На покой идти не торопились. А собрались когда, к ним подошел человек средних лет, с густой копной рыжих волос и голубыми глазами Пана (Туся вспомнила Врубеля), поздоровался с Сосниным за руку. Спросил:
«Гуляем?»
У него был глухой, отсыревший голос. Соснину показалось, что он уже где-то встречал это лицо. Поинтересовался:
«Нас с вами жизнь не сталкивала?»
«Вот так — никогда, а косвенно — было. Но я-то вас знаю, наслышан! Остается представиться: Цезарь Иванищев, бывший интеллигент, а ныне обходчик трубопровода». И Цезарь чуть приопустил веки.
«Рад познакомиться, Цезарь», — ответил Соснин с полупоклоном и затаил улыбку.
«Долго вы нынче у нас загостились! — Иванищев выпятил грудь и сильнее еще прищурился. — И вам не дают покоя наши фонтаны и факелы!»
«Как вас понимать? Я здесь не проездом, а с целью. И впрочем — давно. Фонтаны мне эти знакомы с первого дня их открытия».
«А не писали картин-то об этом!
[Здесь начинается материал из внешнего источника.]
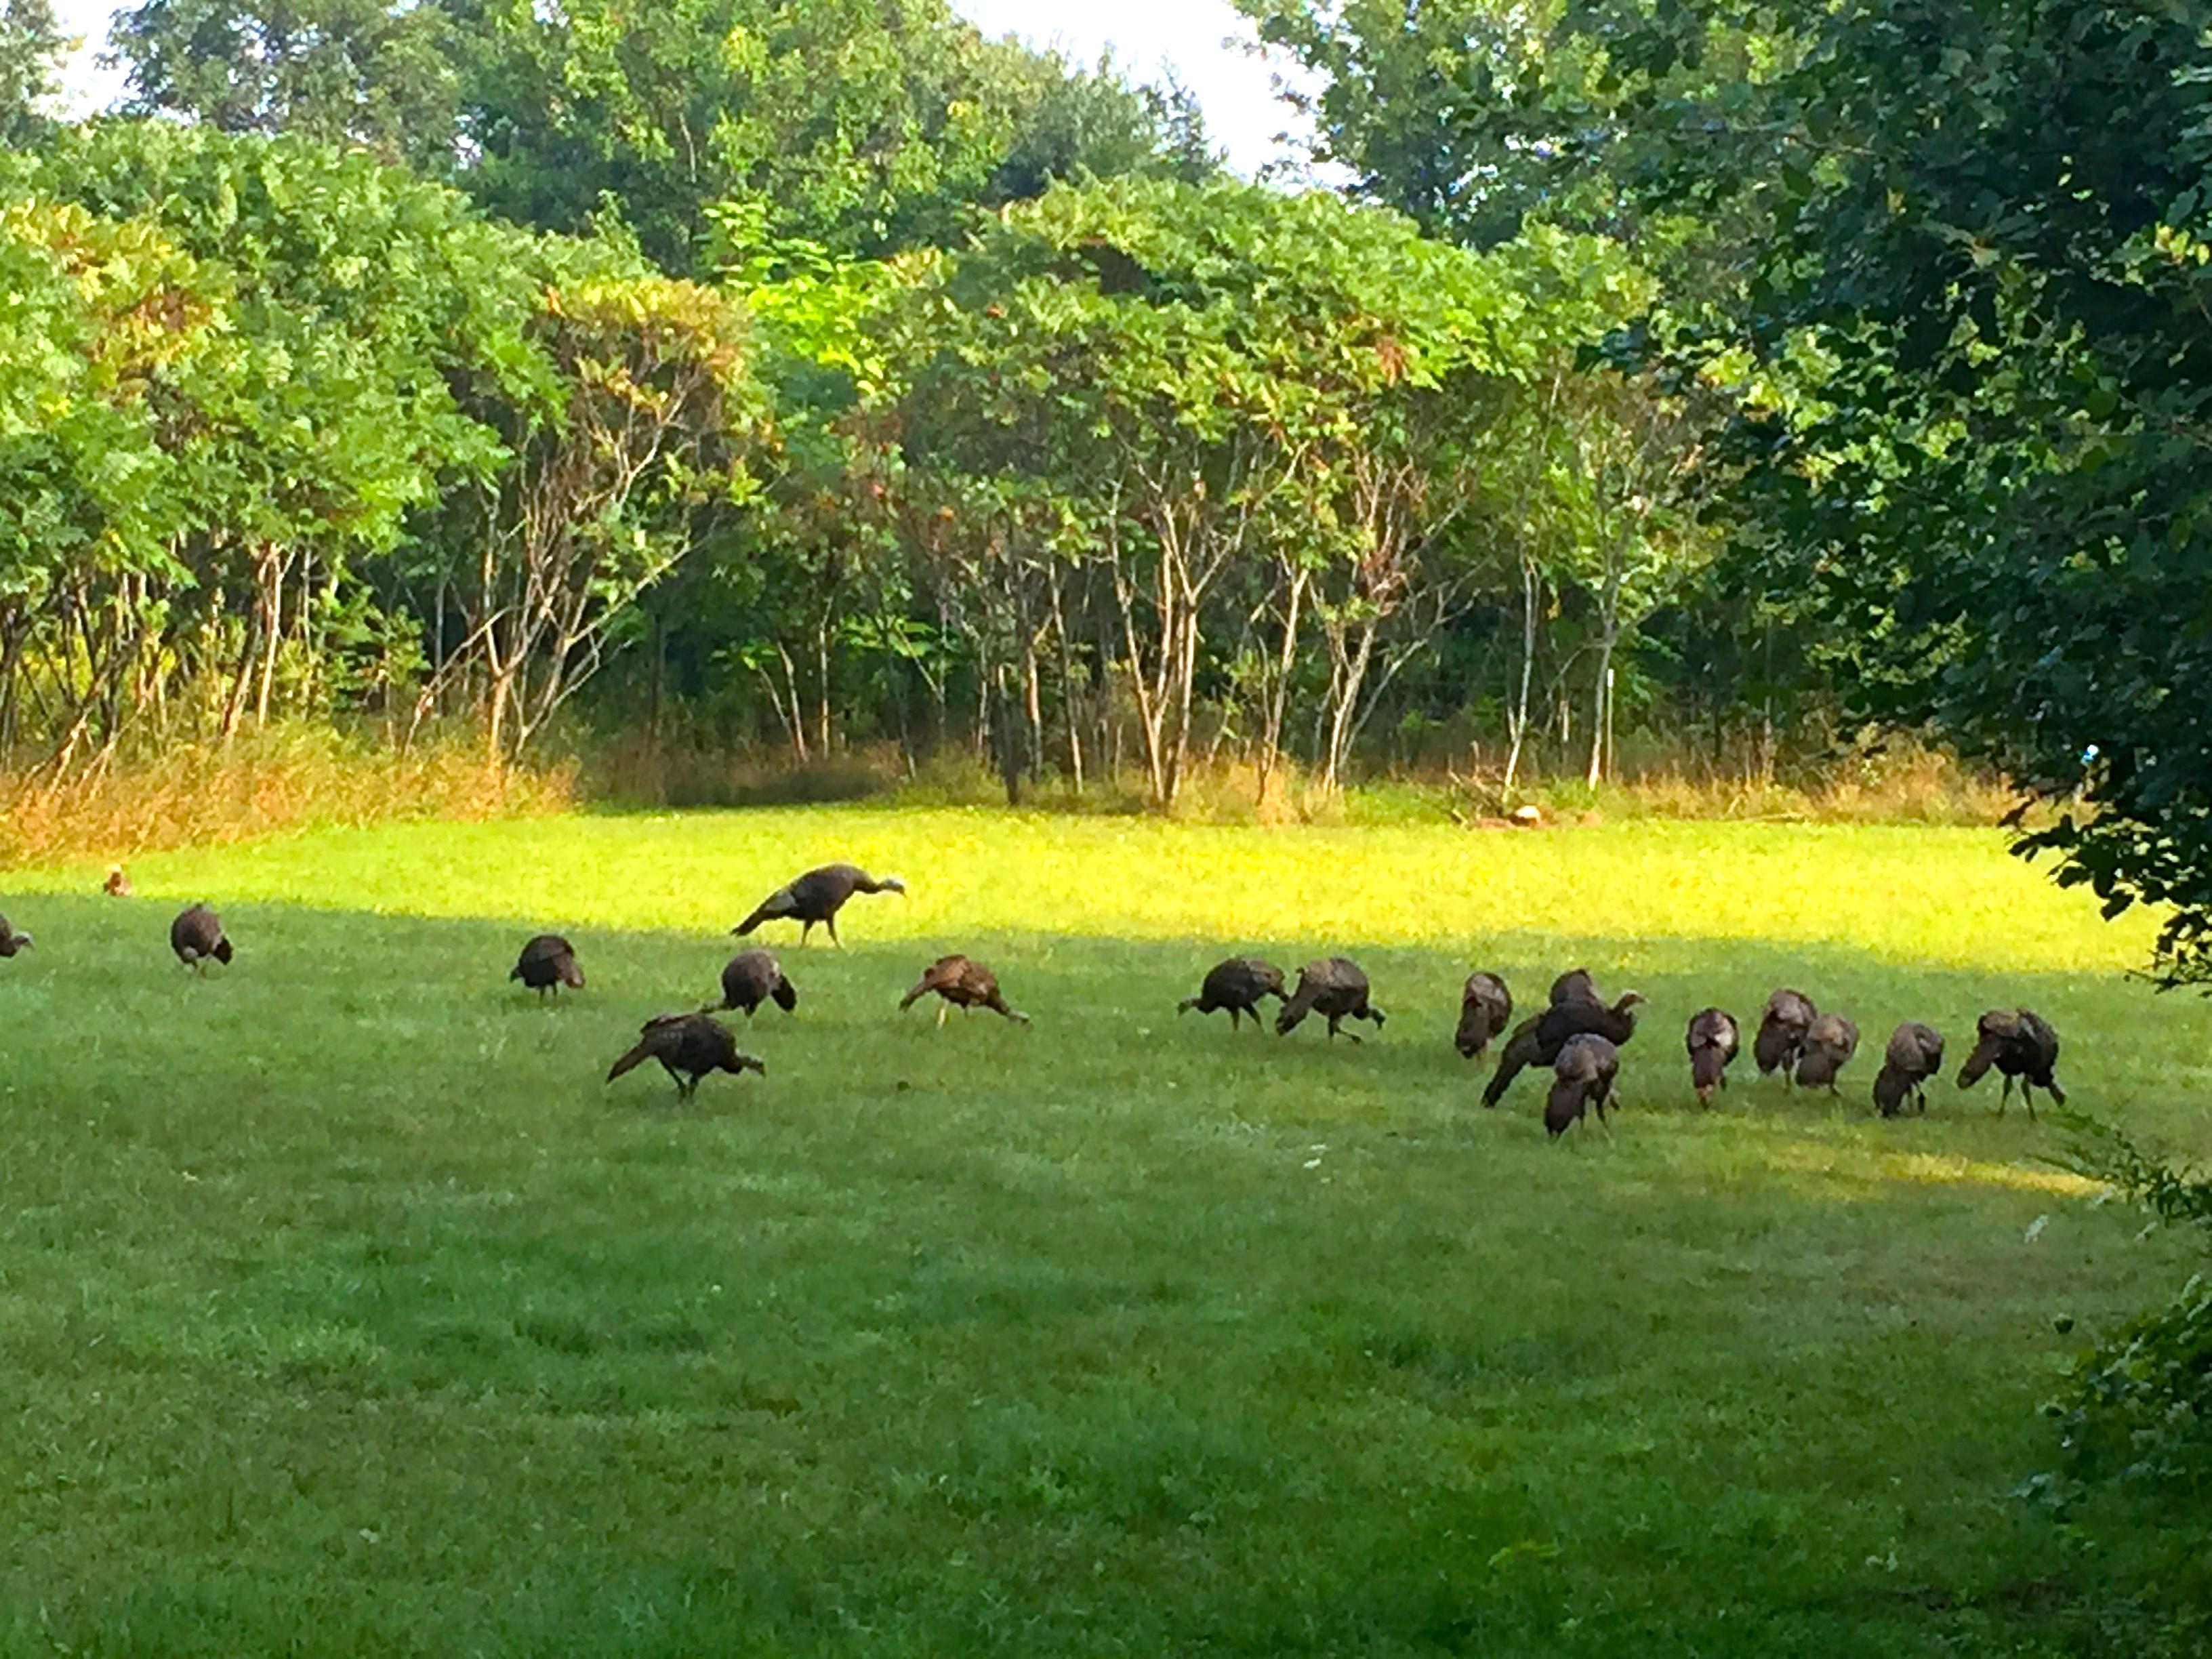 Turkeys in yard 9.2.15

Все на старинушку налегали, на избы, заборы, узоры! Видел я прежде ваши работы. В газетах о вас читал. Поругивали там Соснина за увлечение вчерашним днем!»
Сергей Александрович смотрел на Цезаря Иванищева иронически весело и так же заговорил, стараясь не впасть в поучительный тон:
«Критика — дело полезное, если она не поверхностная. Меня же она, как вы говорите, «поругивала». И вовсе зря! Я хотел быть только последовательным… Вот здесь у вас вышки, фонтаны, нефтепровод, а где же человек?»
«Деревянный Север Соснина — чудо. Смотришь картины, и кажется, что бревна живые и пахнут смолой», — вспомнился Тусе один из отзывов с последнего вернисажа, и так ей хотелось сейчас повторить это вслух, но она сдержалась…
«Извините, что был с вами несколько бесцеремонен, — сказал обходчик нефтепровода. — А придирался я к вам… за обиду. Вы были председателем выставкома и забраковали мой портрет, написанный художником Забавновым…»
«Теперь все ясно! Портрет был слаб, а против оригинала, естественно, я ничего не имел».
«Наверно, я мало ему позировал, — задумался Цезарь Иванищев, поглаживая рыжие заросли на голове. — Заходите в мой обходческий дом на сто тридцать восьмом километре нефтепровода!»
Когда случайный их собеседник ушел, Соснин заметил Тусе:
«Интересно! Коллегу моего кисть подвела, а я чуть виноватым не оказался!»